В этот момент в гостиную, вытирая руки о фартук, заглянула из коридора Большая Рамона.
– Ну вот, теперь у нас появился еще один сумасшедший: разговаривает сам с собой, да еще и прямо у стола, возле которого непонятно зачем постоянно вертелся дедушка Уильям. Это я о призраке, часто являвшемся Квинну. Мы с Жасмин тоже его видели.
– Какой стол? Где? – отрывисто спросил я. – Кто такой дедушка Уильям?
Честно говоря, я знал эту историю. И видел стол, на который каждый раз указывал призрак, являвшийся Квинну. И все они из года в год обыскивали этот стол, но так ничего и не нашли.
Очнись, идиот!
Наверху влюбленный Квинн безуспешно старался успокоить Мону.
Томми и неизменно безупречный Нэш спустились к ужину и, негромко что-то обсуждая, прошли в столовую. Меня они не заметили.
Я подошел к витрине с камеями возле пианино. Расстояние между мной и призраком, таким образом, увеличилось, он остался далеко справа, но это ничего не меняло: горевшие злобой глаза продолжали меня преследовать, следили за каждым моим движением.

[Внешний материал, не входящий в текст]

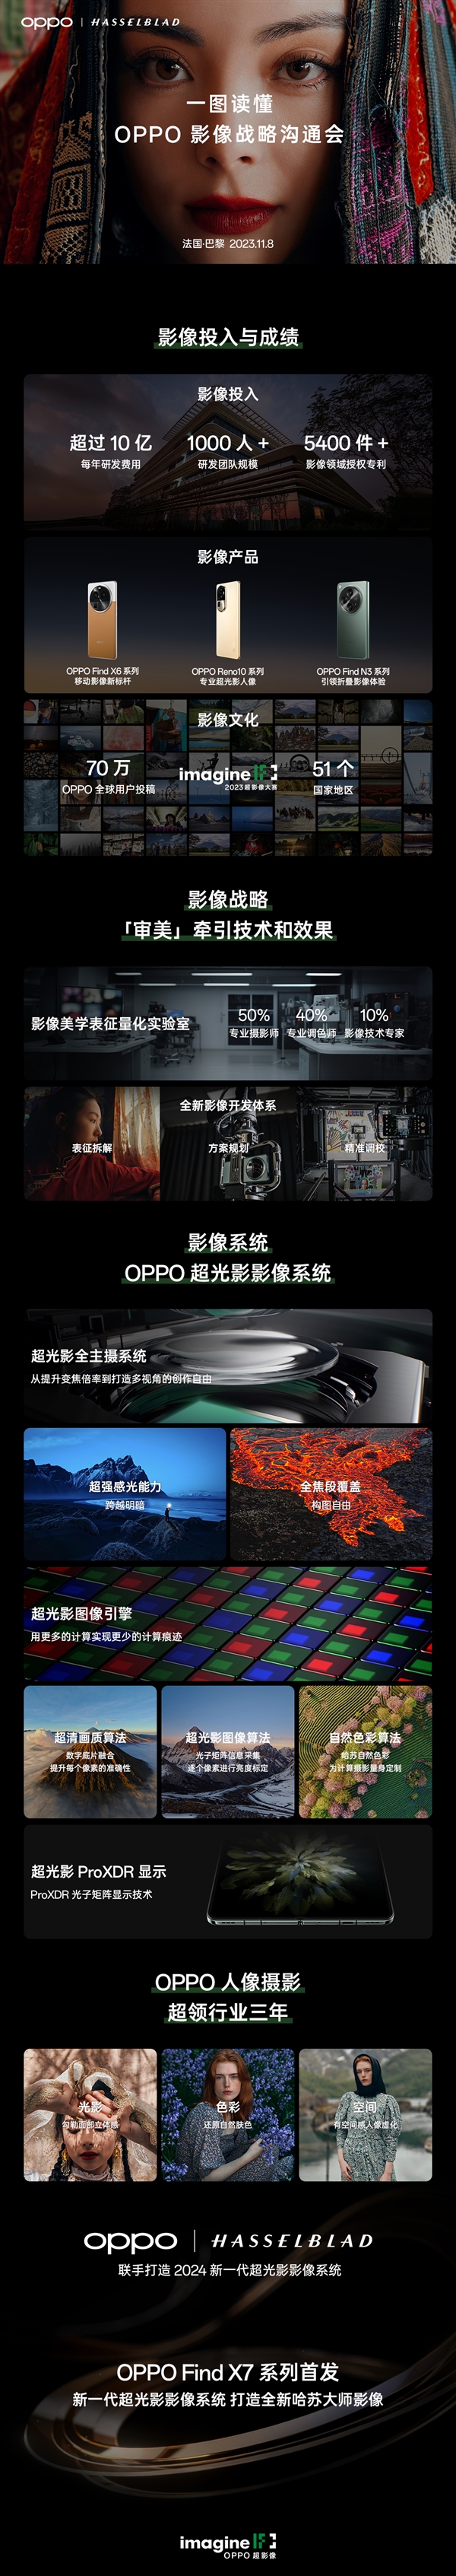 一图了解OPPO超光影影像系统：OPPO Find X7系列首发

В застекленной, никогда не запиравшейся витрине были выставлены камеи тетушки Куин. Я поднял стеклянную крышку, которая крепилась петлями на манер книжной обложки, и взял в руки камею с изображением Посейдона и его супруги, мчащихся на колеснице, запряженной морскими коньками, по вздымающимся волнам. Мастерски выполненная картина смотрелась круто.
Положив камею в карман, я поспешил наверх.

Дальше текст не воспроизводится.